▶ **BRIEF**: Where the records below show the word "from" in a line, please copy that line.

▶ **SOURCE INFORMATION**:
□ □ □ □
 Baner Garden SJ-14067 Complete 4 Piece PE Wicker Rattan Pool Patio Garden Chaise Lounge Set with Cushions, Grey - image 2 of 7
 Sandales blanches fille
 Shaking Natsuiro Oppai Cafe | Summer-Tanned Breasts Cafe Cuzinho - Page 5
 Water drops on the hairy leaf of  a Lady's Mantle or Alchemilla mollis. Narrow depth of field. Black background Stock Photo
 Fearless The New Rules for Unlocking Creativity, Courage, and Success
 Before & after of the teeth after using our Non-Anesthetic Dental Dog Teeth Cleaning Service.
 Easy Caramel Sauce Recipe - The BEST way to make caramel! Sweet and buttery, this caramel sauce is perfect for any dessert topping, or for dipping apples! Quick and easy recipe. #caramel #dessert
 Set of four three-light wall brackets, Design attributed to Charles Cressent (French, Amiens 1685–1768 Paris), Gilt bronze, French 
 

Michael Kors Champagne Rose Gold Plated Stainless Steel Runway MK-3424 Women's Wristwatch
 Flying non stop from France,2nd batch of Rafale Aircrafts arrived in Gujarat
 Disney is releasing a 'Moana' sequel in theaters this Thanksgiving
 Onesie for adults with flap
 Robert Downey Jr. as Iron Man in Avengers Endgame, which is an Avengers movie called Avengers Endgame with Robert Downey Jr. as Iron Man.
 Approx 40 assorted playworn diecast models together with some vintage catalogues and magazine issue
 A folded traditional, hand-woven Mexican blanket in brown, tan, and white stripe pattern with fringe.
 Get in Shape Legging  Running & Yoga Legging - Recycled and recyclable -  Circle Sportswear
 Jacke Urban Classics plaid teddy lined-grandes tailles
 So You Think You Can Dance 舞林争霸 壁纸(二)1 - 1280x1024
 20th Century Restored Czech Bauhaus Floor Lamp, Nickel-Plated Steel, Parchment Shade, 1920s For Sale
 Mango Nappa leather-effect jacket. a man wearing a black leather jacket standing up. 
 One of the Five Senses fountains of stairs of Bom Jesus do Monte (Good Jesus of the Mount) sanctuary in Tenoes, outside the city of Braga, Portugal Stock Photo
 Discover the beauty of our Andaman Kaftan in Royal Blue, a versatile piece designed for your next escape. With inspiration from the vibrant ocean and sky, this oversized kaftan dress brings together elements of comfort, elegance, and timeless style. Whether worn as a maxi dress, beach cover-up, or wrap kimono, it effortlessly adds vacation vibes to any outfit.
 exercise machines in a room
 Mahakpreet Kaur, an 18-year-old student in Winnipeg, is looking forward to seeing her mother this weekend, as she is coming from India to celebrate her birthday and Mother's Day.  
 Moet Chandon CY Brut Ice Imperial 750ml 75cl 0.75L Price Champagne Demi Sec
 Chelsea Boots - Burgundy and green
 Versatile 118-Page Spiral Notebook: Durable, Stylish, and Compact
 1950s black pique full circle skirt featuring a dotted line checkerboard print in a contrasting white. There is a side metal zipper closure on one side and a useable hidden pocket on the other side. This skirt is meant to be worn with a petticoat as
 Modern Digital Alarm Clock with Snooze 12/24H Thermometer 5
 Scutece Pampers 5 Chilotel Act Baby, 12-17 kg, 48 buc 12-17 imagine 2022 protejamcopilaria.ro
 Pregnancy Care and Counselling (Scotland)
□ □ □ □
▶ **RESULT OF THE EXERCISE**:
 Flying non stop from France,2nd batch of Rafale Aircrafts arrived in Gujarat
 Discover the beauty of our Andaman Kaftan in Royal Blue, a versatile piece designed for your next escape. With inspiration from the vibrant ocean and sky, this oversized kaftan dress brings together elements of comfort, elegance, and timeless style. Whether worn as a maxi dress, beach cover-up, or wrap kimono, it effortlessly adds vacation vibes to any outfit.
 Mahakpreet Kaur, an 18-year-old student in Winnipeg, is looking forward to seeing her mother this weekend, as she is coming from India to celebrate her birthday and Mother's Day.  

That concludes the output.